Elie Hirschfeld Leads List of Jewish Luminaries at UN Holocaust Memorial Ceremony
Feb. 22 2018, Updated 3:40 p.m. ET
Iconic New York developer and longtime supporter of the State of Israel, Elie Hirschfeld supported a list of luminaries in attendance at the United Nations Holocaust Memorial Ceremony on January 31.
Hirschfeld, was extended an invitation to the ceremony in the General Assembly Hall by, Danny Danon, the Permanent Representative of Israel to the United Nations.
“Ambassador Danon is a man I have admired for many years for securing projects to promote the development and welfare of the people of the Jewish home state,” said Hirschfeld.
“It was an honor to be invited to such an important event for Jewish people.”
More than 1000 United Nations’ officials were on hand — along with more than 40 ambassadors — to listen to testimony and personal remembrances of those who were lost, along with those who survived the tragic atrocities of the Holocaust.
“This annual day of commemoration is about the past, but also the future; it is about Jews but also all others who find themselves scapegoated and vilified solely because of who they are,” said United Nations Secretary-General Antonio Guterres.
Moving comments were delivered by Mrs.
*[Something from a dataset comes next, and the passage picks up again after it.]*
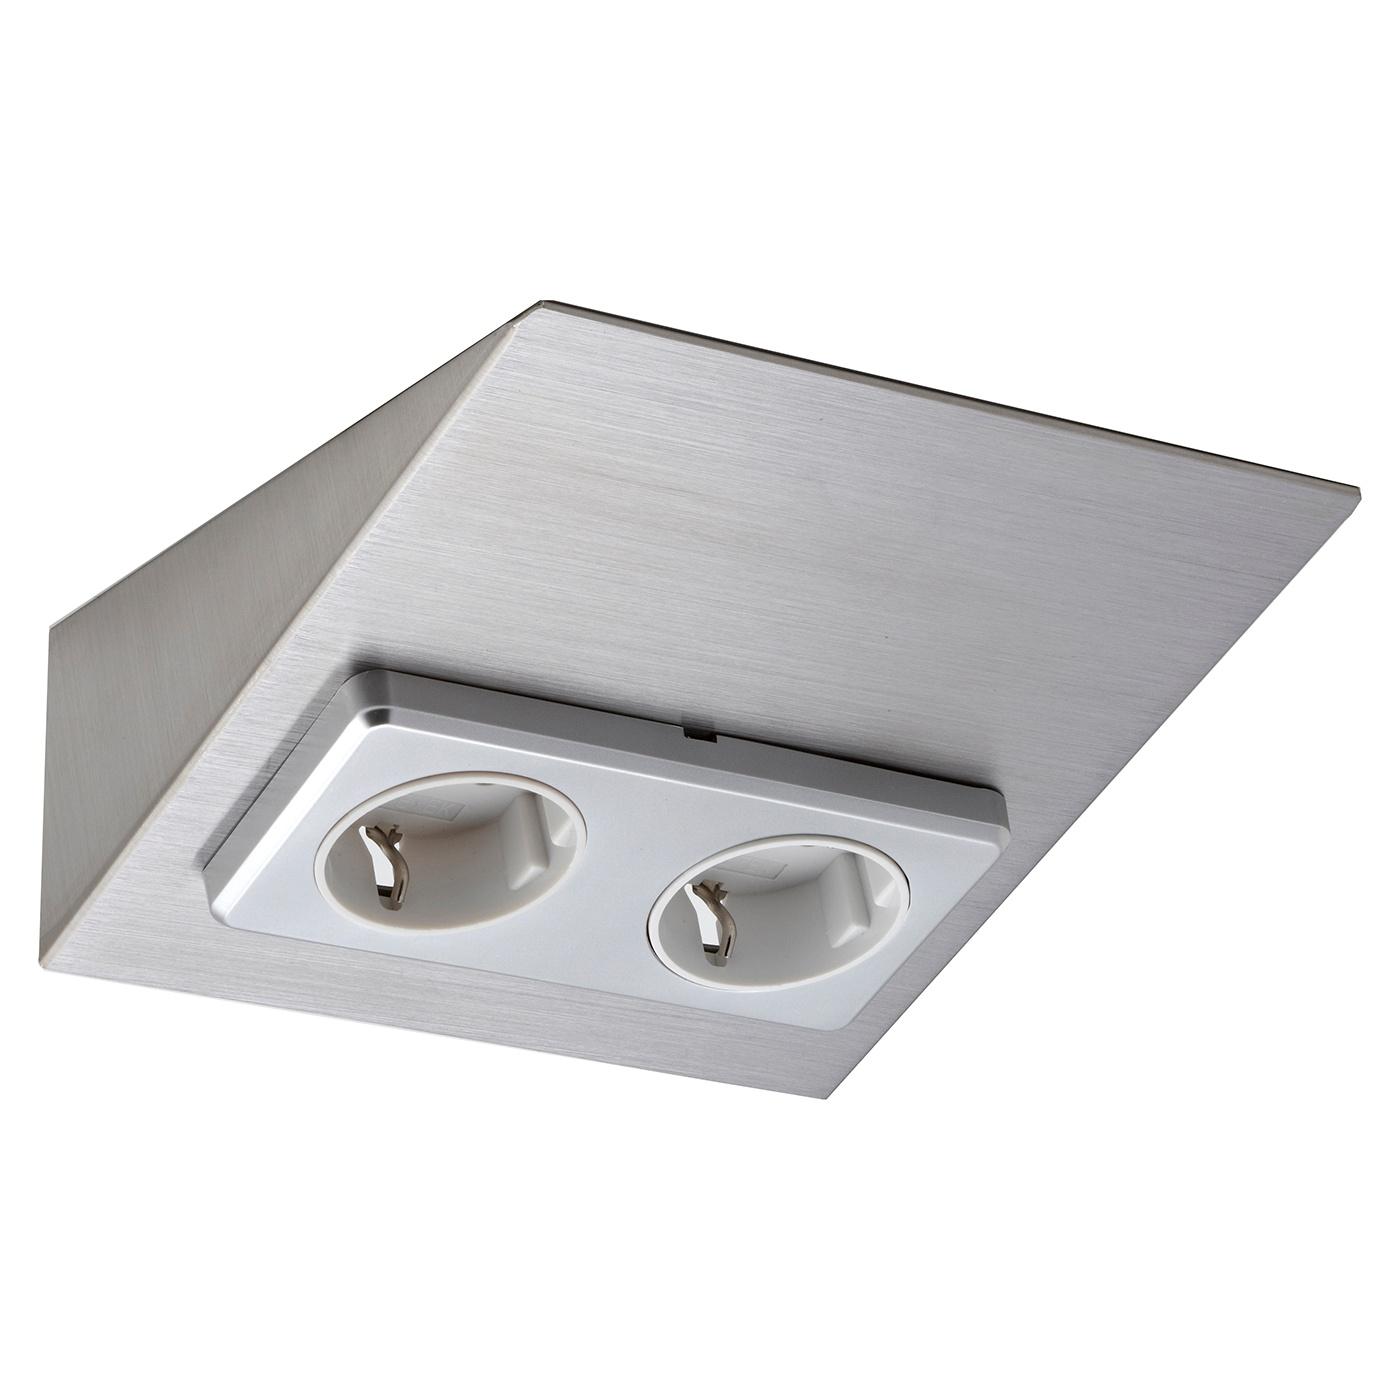 Pistorasia Limente Mini 2 16 A 230 V IP20 150×164 mm 2 osainen RST  Taloon com

Eva Lavi, originally from Krakow, Poland, and now a resident of Israel, who survived World War II along with her parents after they were saved by the German industrialist Oskar Schindler.
Lavi told those assembled how Schindler had diverted her and her parents to his factory after they were sent to board a train for the Auschwitz concentration camp. Other members of her extended family were murdered by the Nazis, she said.
“The Holocaust should be a significant warning to what might happen when racism, hatred, violence and anti-Semitism permeate the world,” Lavi said. “At the end of the day, we must learn to live with each other and respect each other. We were all created equal in the image of God.”
Danon bravely used his comments to speak out against legislation under review in Poland that would criminalize apportioning any blame for Holocaust-era anti-Semitic atrocities to Poles.
“We must never allow any legislation to pass that denies the truth and rewrites history,” he said. “As we honor those few brave souls who stood strongly against evil and saved Jews from death, we must not forget those who cooperated with the Nazi evildoers. We will firmly oppose any attempt to distort the truth.”
“He is a man who has led the way in his words and actions to preserve and protect not only the State of Israel — but Jewish people all over the globe,” said Hirschfeld.
“His presence in New York and his role at the United Nations will help make the world a safer and better place.”